#### EXERCISE DATA
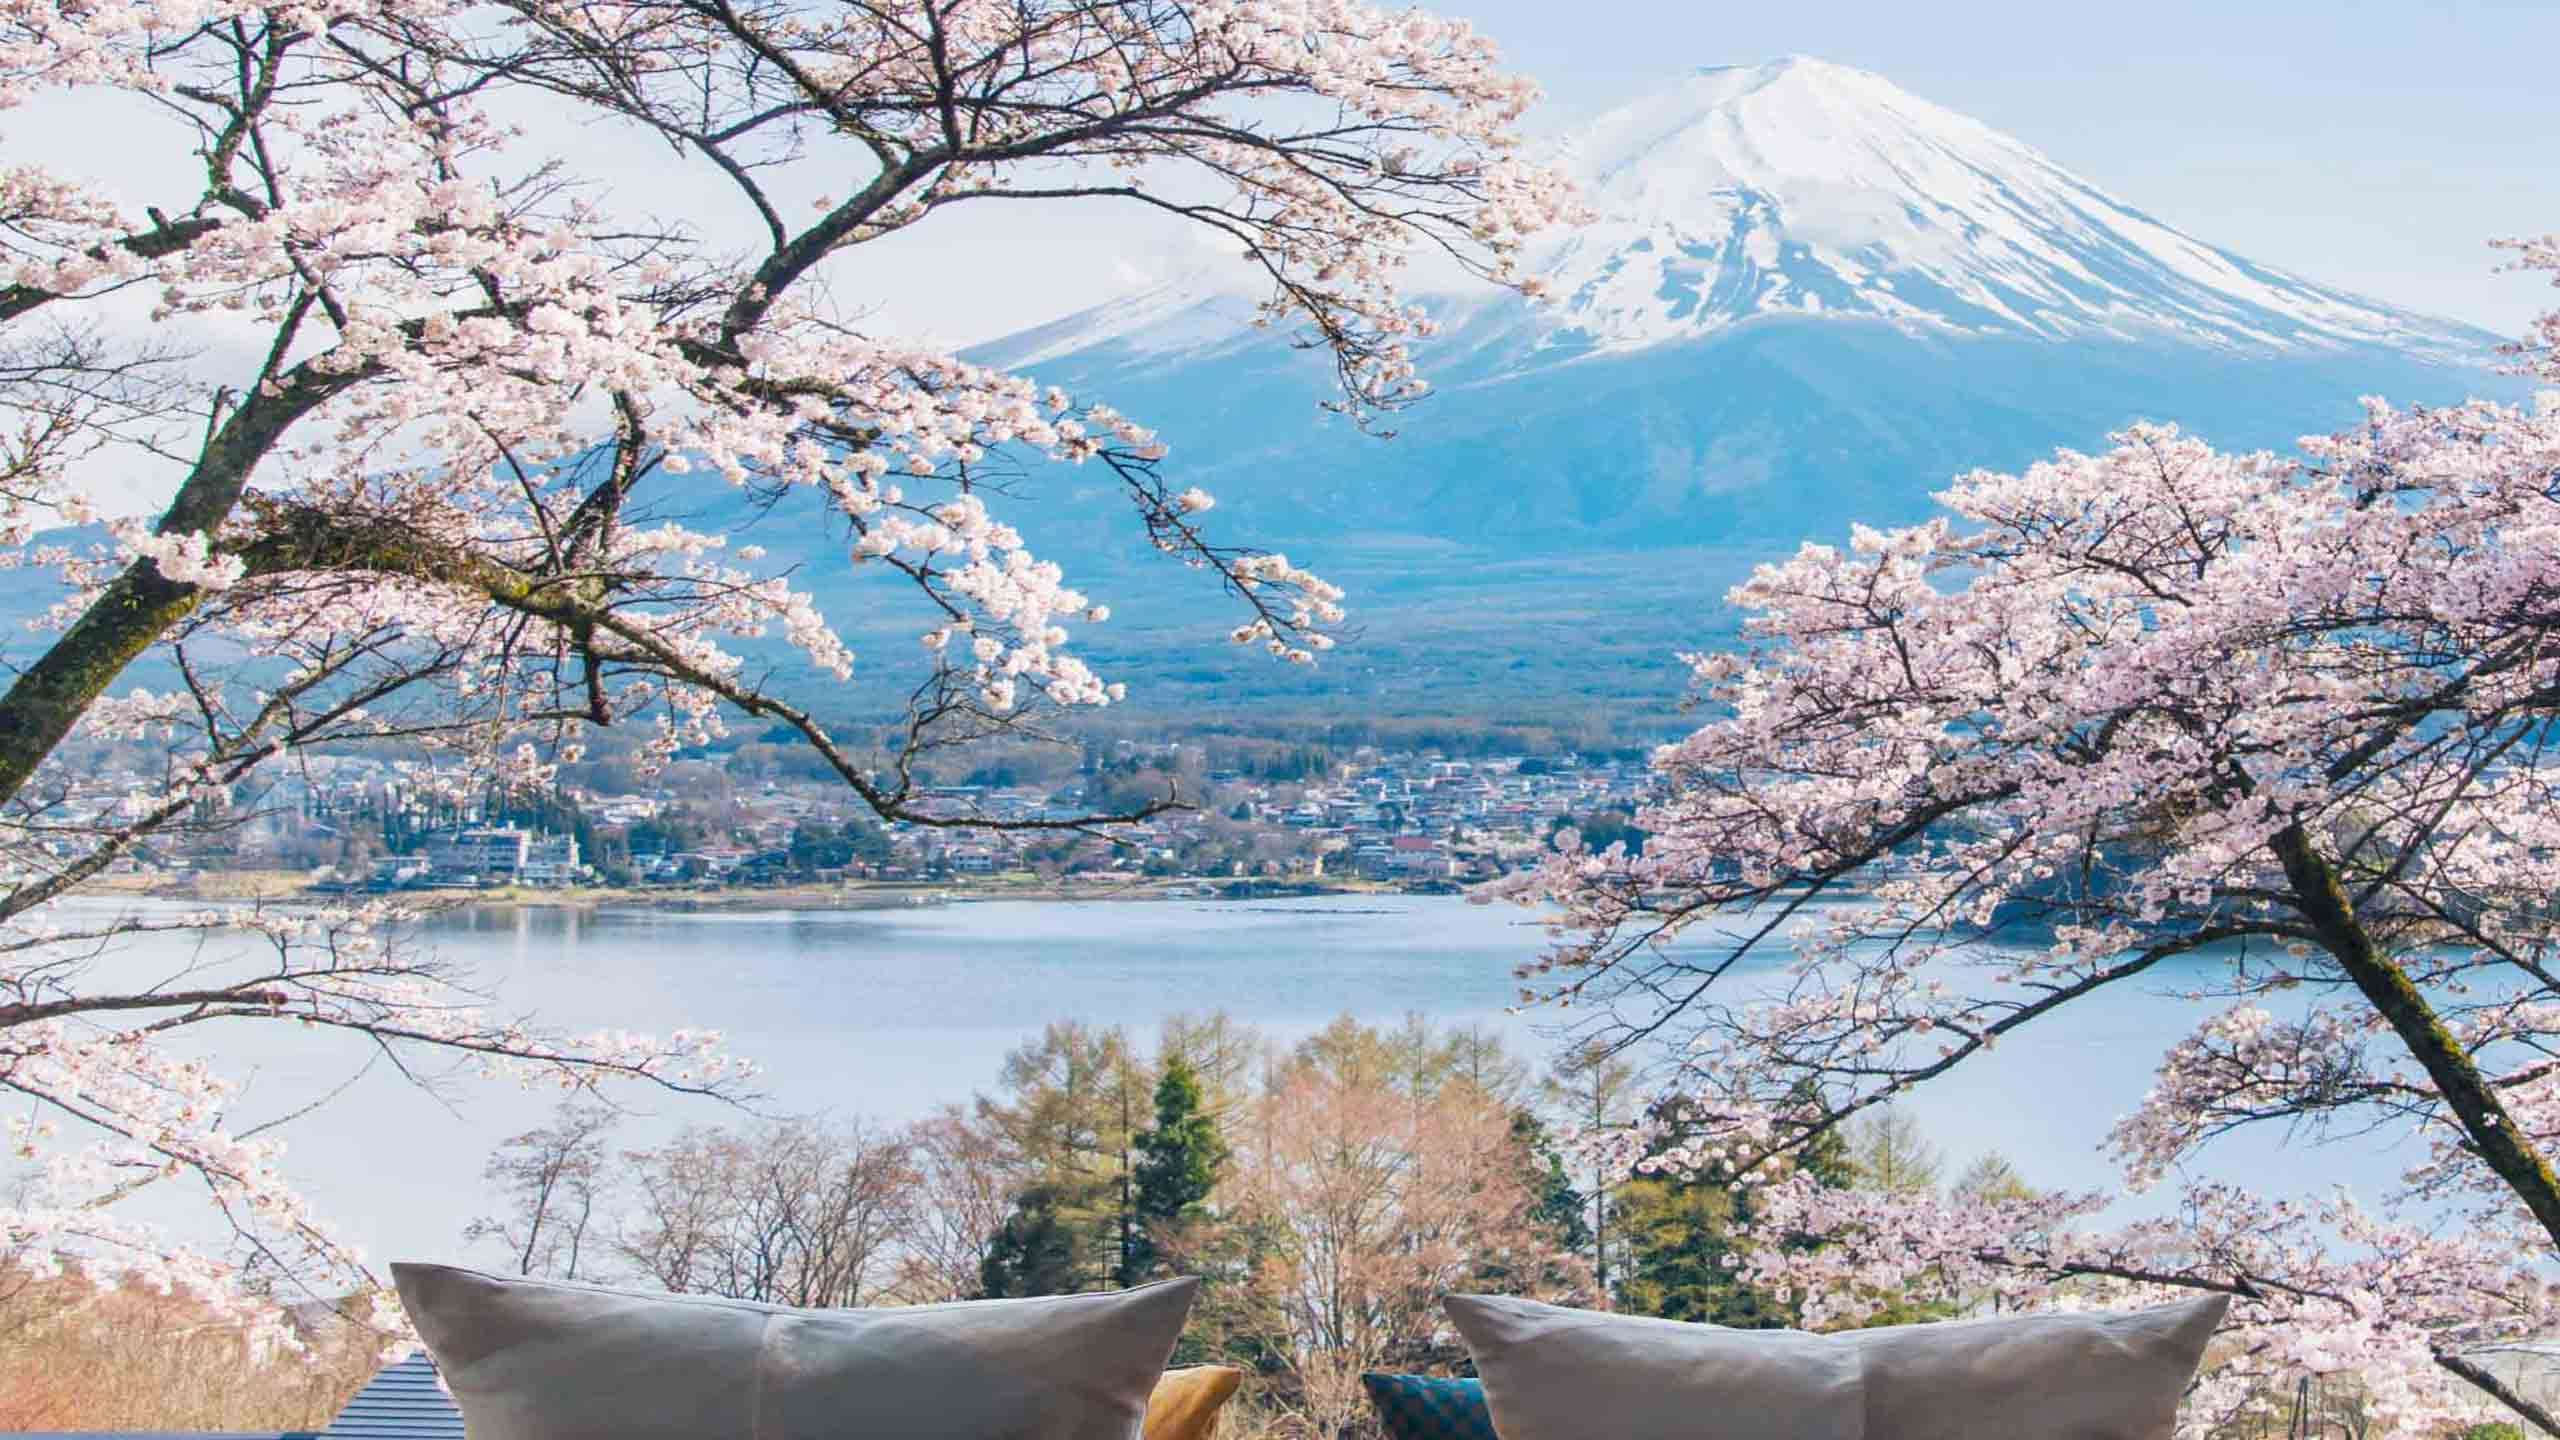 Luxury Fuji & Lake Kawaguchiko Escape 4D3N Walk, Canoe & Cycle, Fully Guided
==
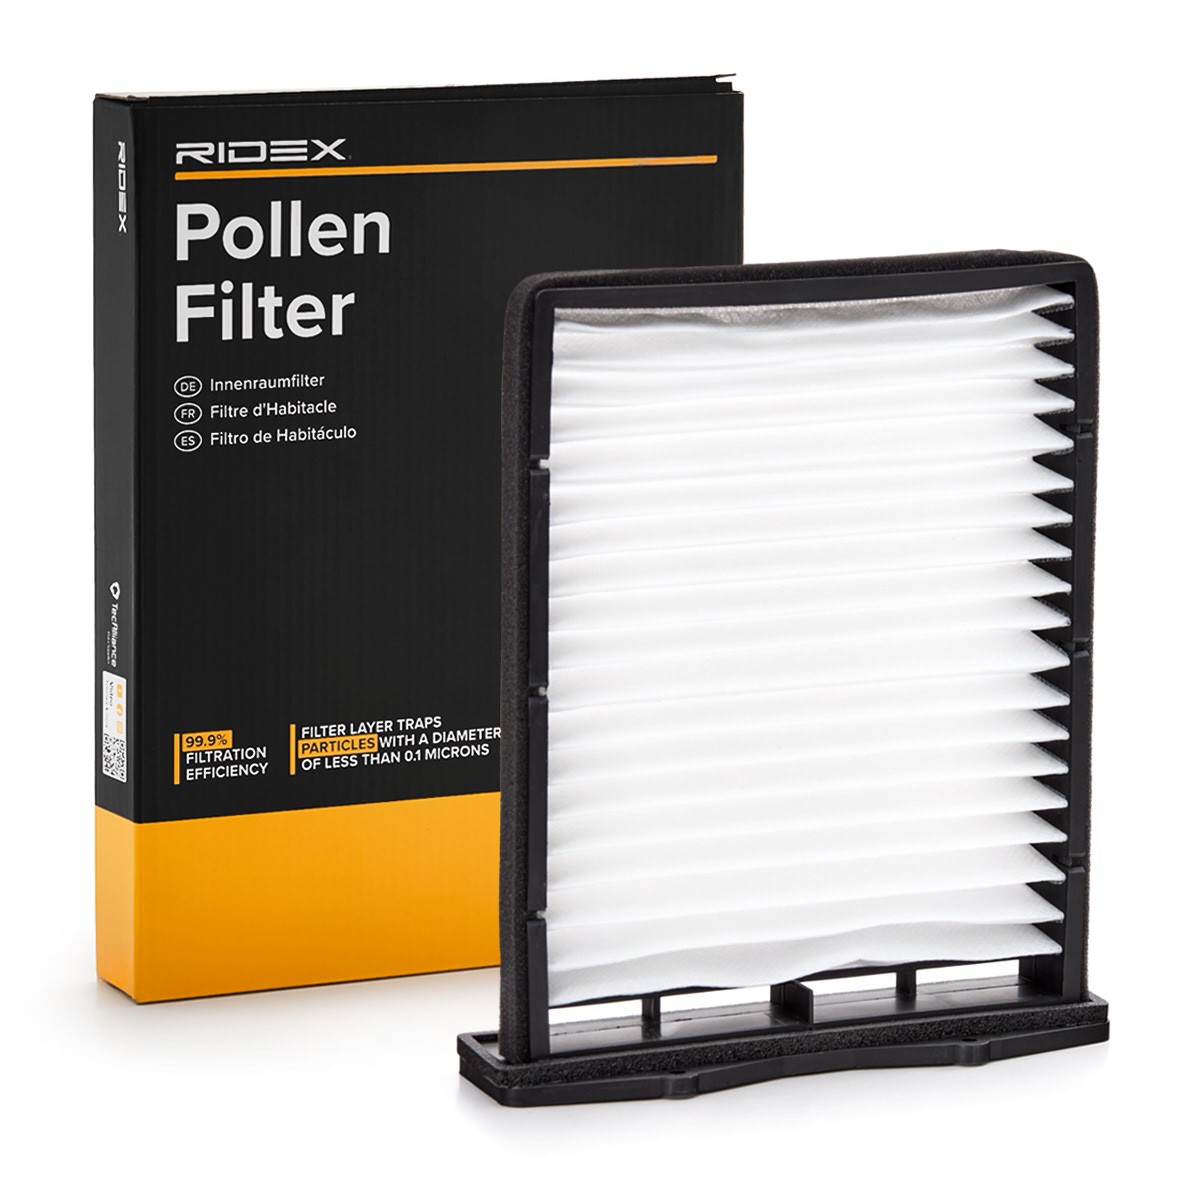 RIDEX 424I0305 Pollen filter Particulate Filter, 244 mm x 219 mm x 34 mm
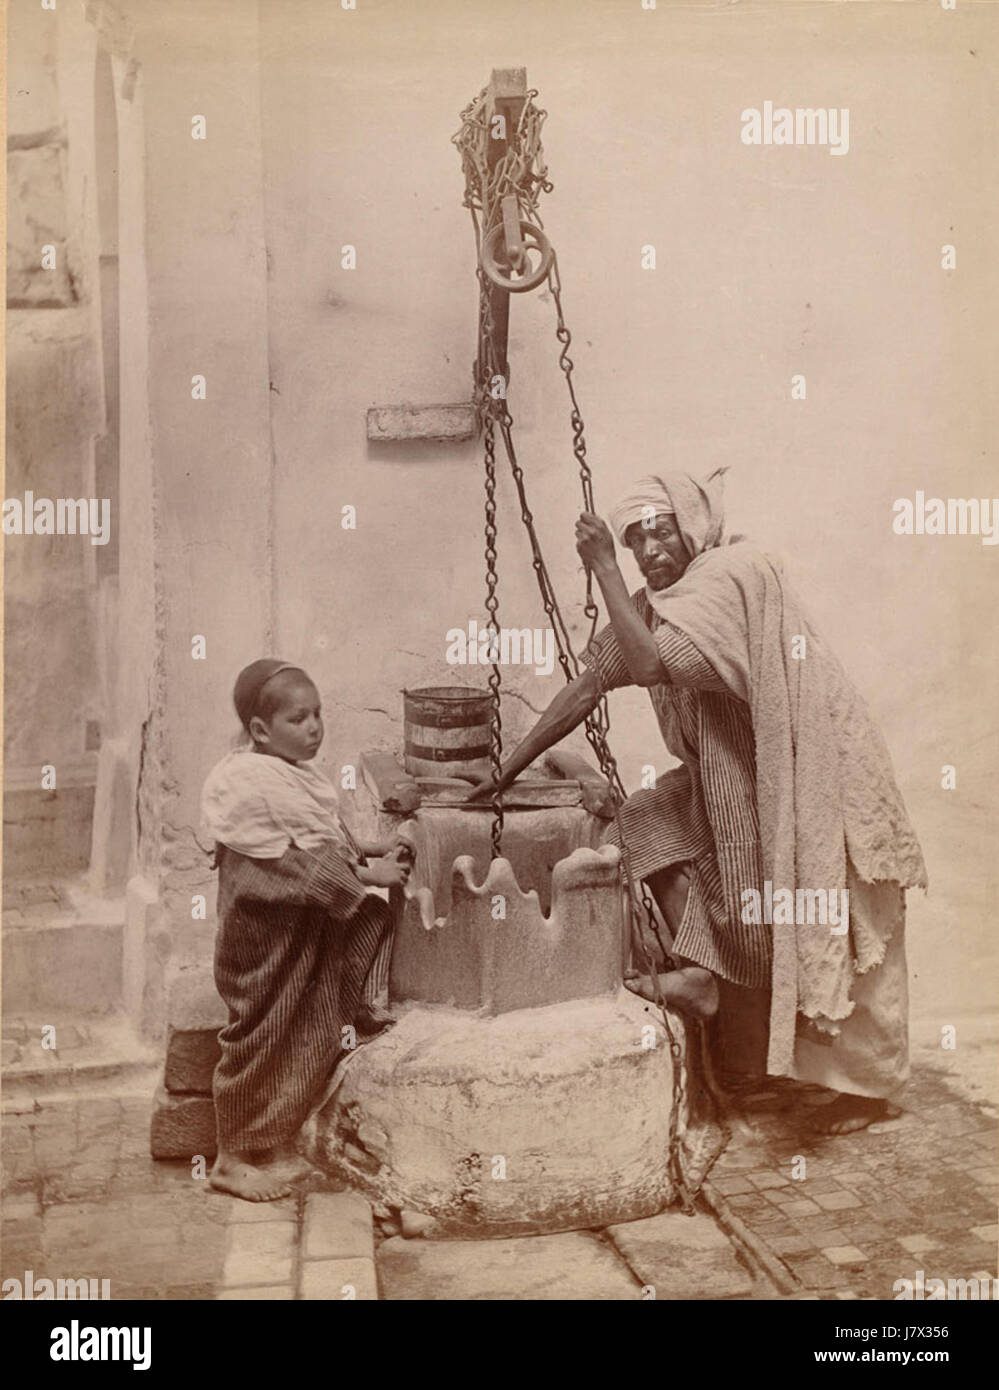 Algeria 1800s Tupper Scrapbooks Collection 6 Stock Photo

#### WHAT NEEDS TO BE DONE
With the pictures omitted, copy exactly the lines of the listing above starting at the line containing "RIDEX 424I0305 Pollen" and ending at the line containing "Algeria 1800s Tupper", both included.

#### TASK RESPONSE
 RIDEX 424I0305 Pollen filter Particulate Filter, 244 mm x 219 mm x 34 mm
 Algeria 1800s Tupper Scrapbooks Collection 6 Stock Photo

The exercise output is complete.